Differential expression of VE-cadherin and VEGFR2 in placental syncytiotrophoblast during preeclampsia – New perspectives to explain the pathophysiology

In serial sections of a control placenta, term syncytiotrophoblast stained positive for VE-cadherin (A, ×40; B, ×63) and VEGFR2 (E, ×40). Immunostaining for VE-cadherin (A, ×40; B, ×63) was detected in placental endothelium as well as in the syncytiotrophoblast. Immunostaining for CD34 (C, ×40; D, ×63) only revealed labeling of placental endothelium. Negative controls for VE-cadherin/CD34 (F, ×63) and VEGFR2 (G, ×40). Quantification of VE-cadherin positive staining in the syncytiotrophoblast lining the circumference of placental villi was performed by calculating the ratio of stained surface per total surface. (H) VE-cadherin expression decreased significantly in control pregnancies towards term, but not in pregnancies complicated by preeclampsia. In early onset preeclampsia (n = 12) VE-cadherin expression was lower compared to early controls (n = 12). In late onset preeclampsia (n = 19) VE-cadherin expression was significantly higher compared to late controls (n = 24). (I) VEGFR2 expression was significantly reduced in all cases of preeclampsia compared to control placentas. This difference was more pronounced in the late onset cases than in the early cases of preeclampsia.

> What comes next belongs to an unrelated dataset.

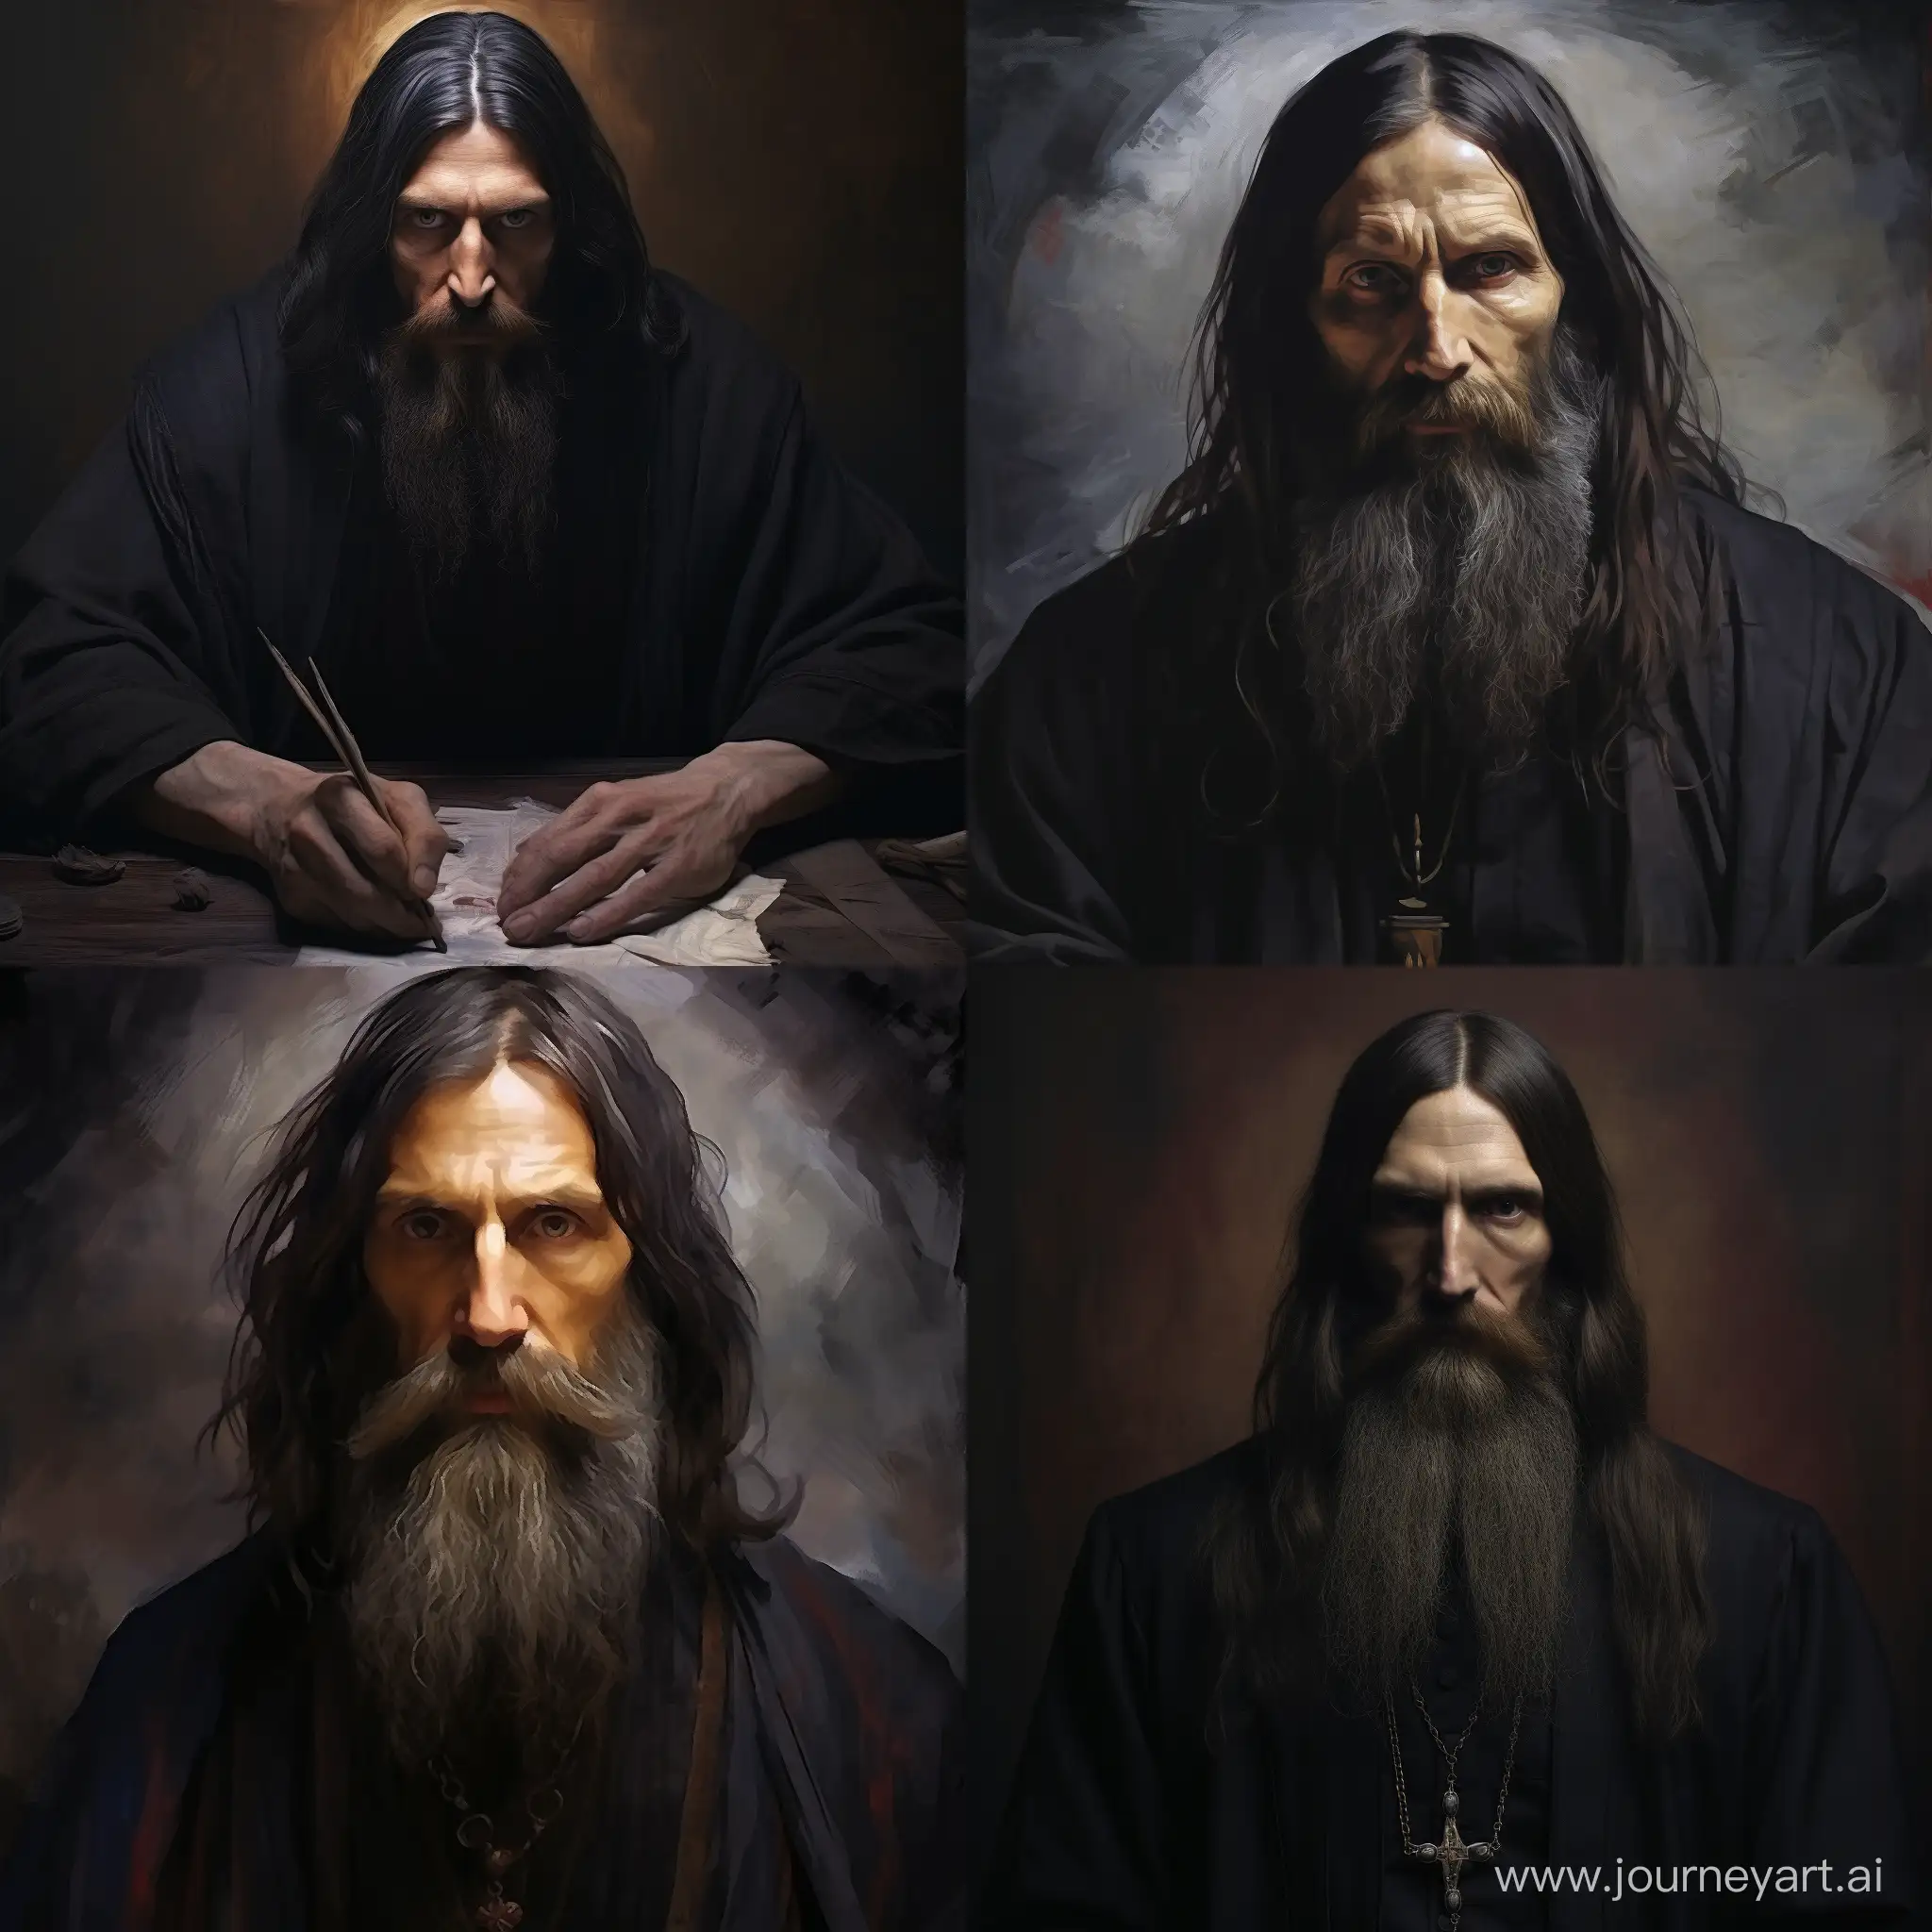 Draw Rasputin in oil painting style
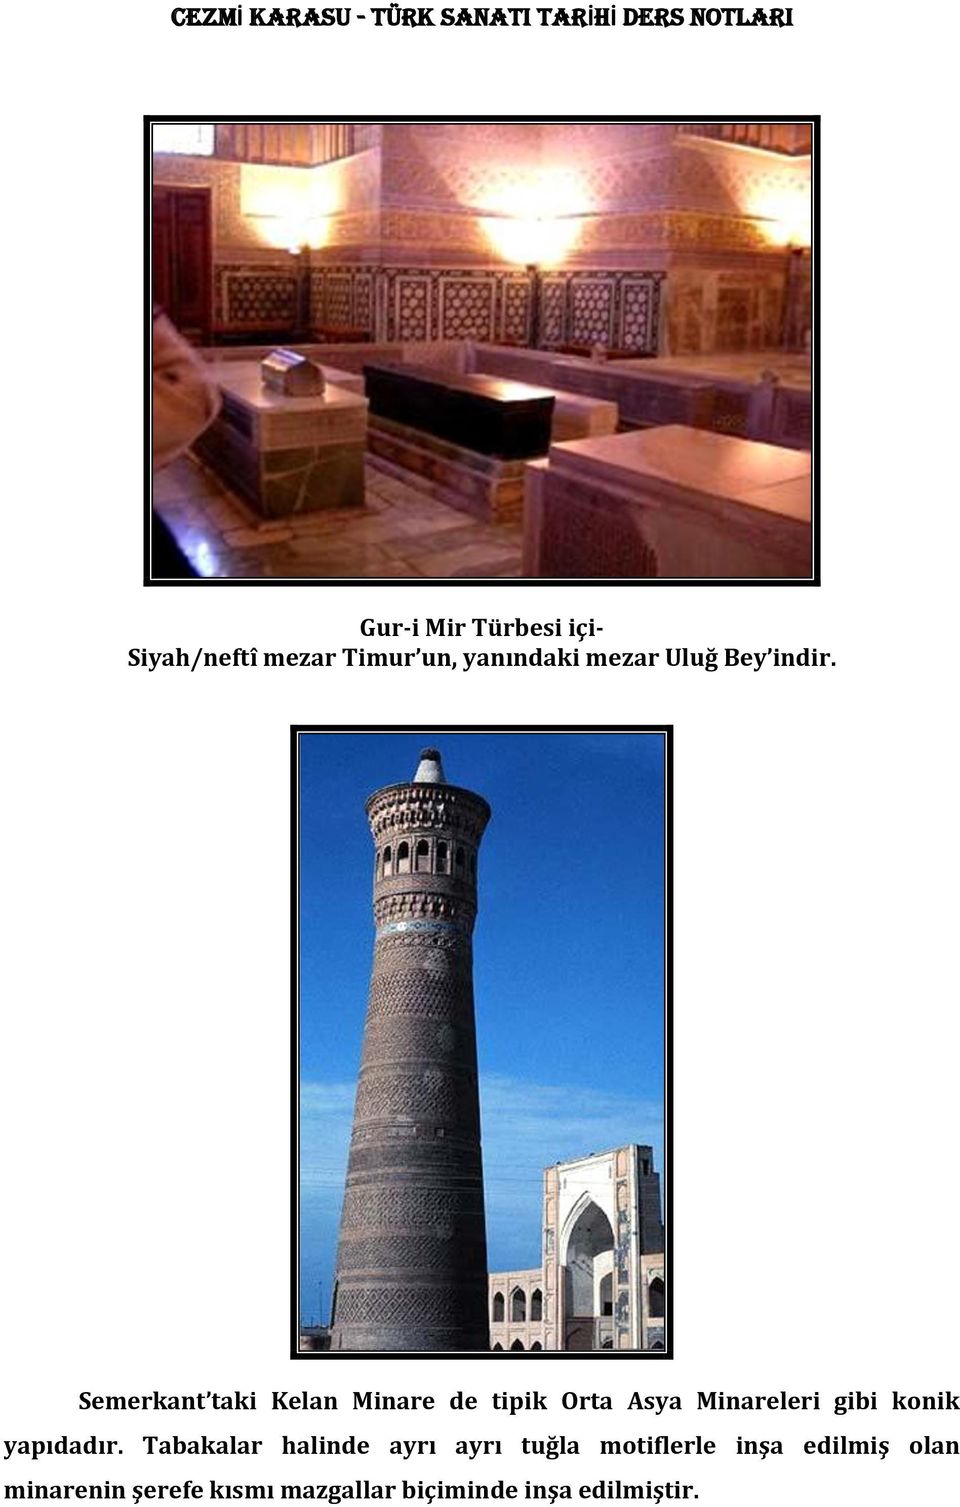 Semerkant taki Kelan Minare de tipik Orta Asya Minareleri gibi konik

VE-cadherin protein expression was upregulated in fusing BeWo cells. (A–F) BeWo cells treated with forskolin for 48 h were stained for β-catenin (green) to mark cell borders and VE-cadherin (red). Single channels and merged pictures are displayed. (G–I) siRNA mediated VE-cadherin knock down suppressed forskolin induced VE-cadherin expression but did not prevent cell fusion. (J) No VE-cadherin expression with vehicle treatment only. (K) IgG control. (L) PCR analysis for VE-cadherin RNA expression. (M) Western blot analysis for VE-cadherin expression with and without forskolin, untreated and after siRNA treatment. Bars = 50 μm. G–K, merged pictures only.